Comment from Ted Valoria, (8/7/2019, 11:48 AM)

Robert, I appreciate your comments and observations about your experiences with abrasive blasting for spot repairs. However, I would suggest that you consider using sponge media blasting to effectively repair damaged coatings without damage to existing, adjacent, coatings. Sponge-Jet surface preparation technology has been successfully used for many years to accomplish precisely what you are discussing in your blog. In fact, one US Navy Shipyard even referred to sponge blasting as a "surgical blast process" to repair coatings. In regards to your first point, sponge media blasting eliminates up to 95% of the emissions normally created by dry abrasive blasting, so the dust can be easily contained, and environmental issues abated. Sponge blasting is an ideal process to use around rotating equipment, valves and electrical boxes because of the low dust and the unique feature of no ricochet of the abrasive, which normally causes entrainment of the abrasives in valves, mechanical seals and electrical motors resulting in premature failures. To your second point, sponge media does not ricochet and therefore does not damage surrounding coatings like ordinary abrasives. As long as the operator keeps the nozzle pointed at the area being repaired there is no damage to adjacent coatings during a start and stop process. If an electric deadman were used rather than a pneumatic deadman then the blasting process would stop almost instantaneously. These methods would eliminate overblast. In point three you suggest that in your observations the abrasives damage feathered edges, and that may be true, but with sponge media, the abrasives are encapsulated in a foam material which allows the operator to perfectly feather the edges without shattering the intact coating. I would also like to add that it has always been the opinion of this organization (SSPC), and others, that the best method of surface preparation for coating adhesion and surface cleanliness has been to abrasive blast with an angular abrasive, to achieve the best surface for a coating application.

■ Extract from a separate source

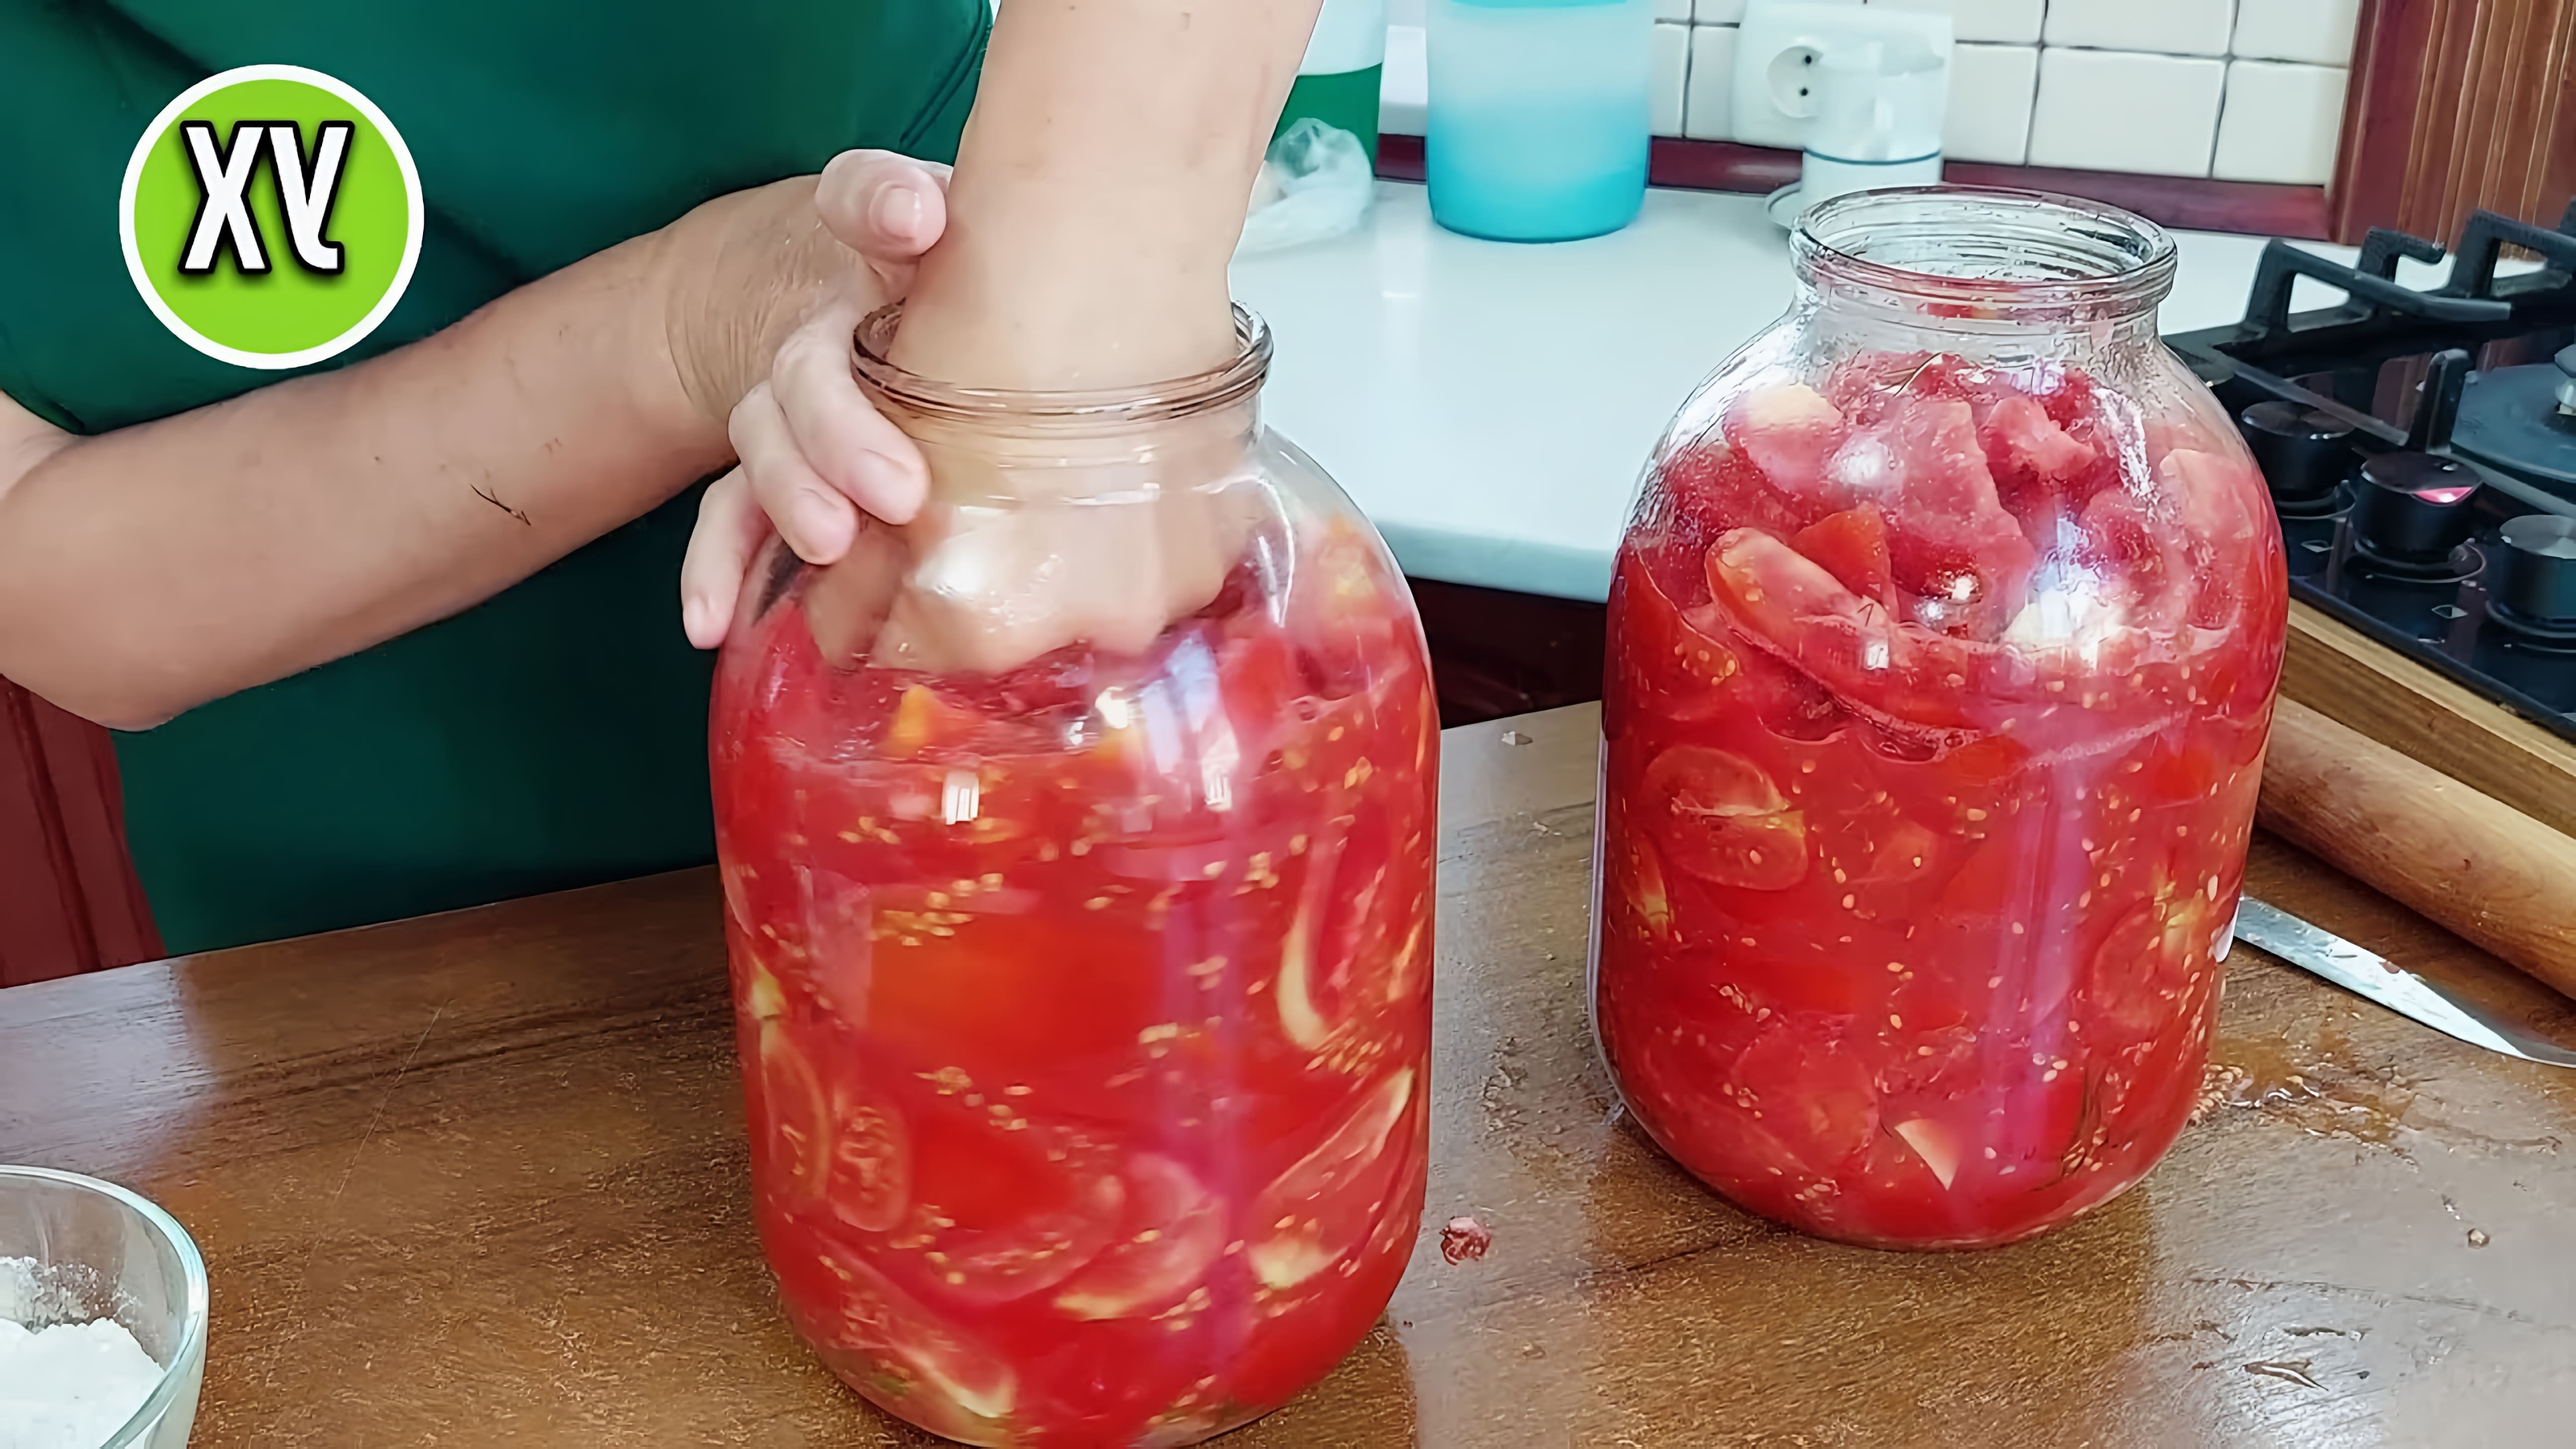 Видео демонстрирует старый рецепт консервирования помидоров на зиму путем укладки их в бутылки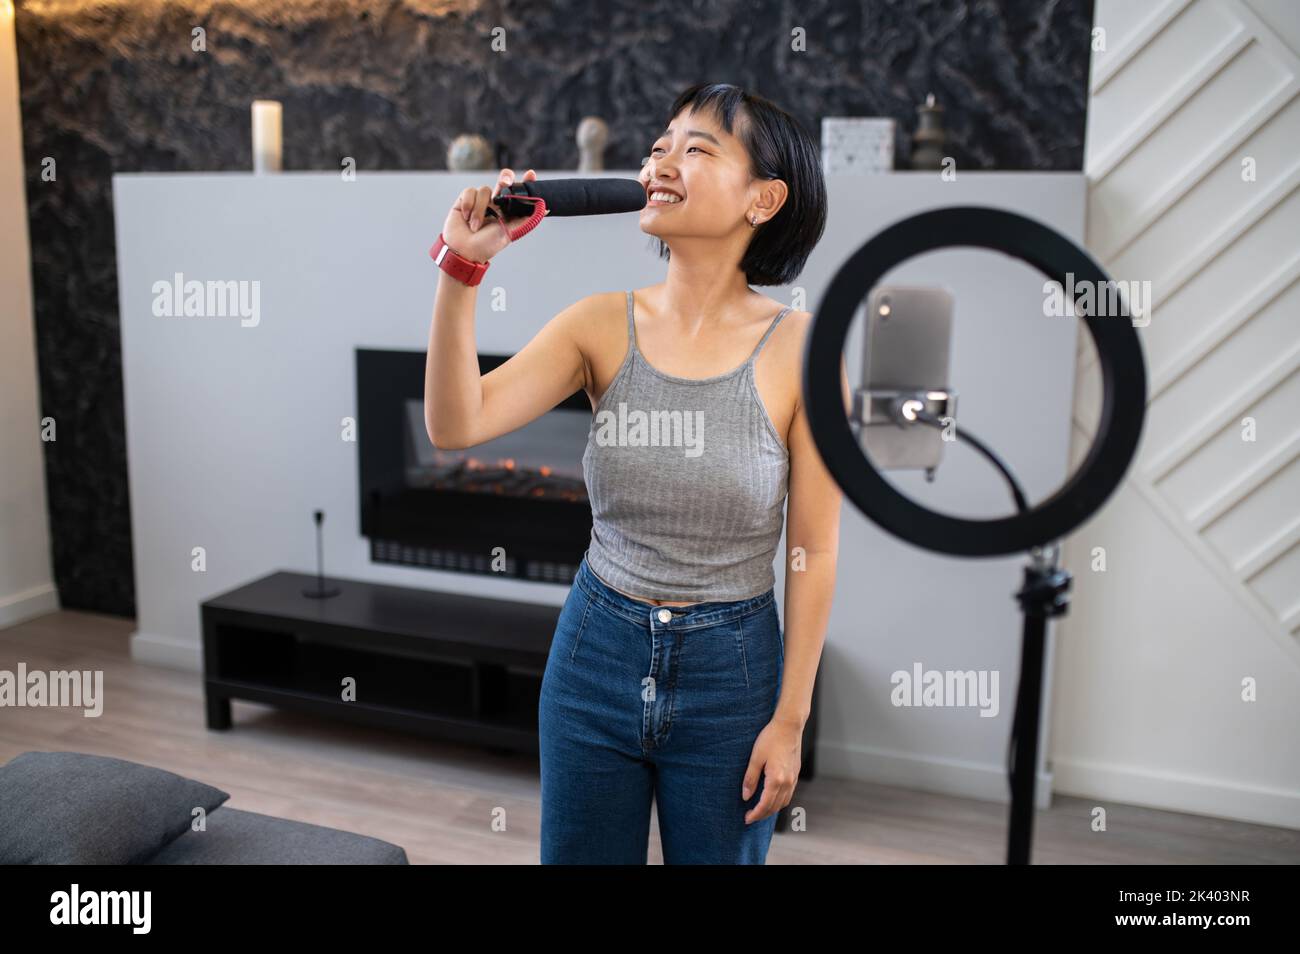 Allegra cantante asiatica che ha eseguito una canzone al suo pubblico digitale Foto Stock

Comment from Damon Givens, (8/7/2019, 1:04 PM)

I think this is pretty reasonable given the setup required for performing and containing abrasive blasting. I work in a food facility where the dust and debris from blasting is just not acceptable. Additionally, our facility painting includes a lot of spot repairs scattered all about the plant. A crew with the right hand and power tools can move around rather rapidly in this environment and still do high quality work when blasting is not an option.


Comment from Garth Moran, (8/21/2019, 5:54 PM)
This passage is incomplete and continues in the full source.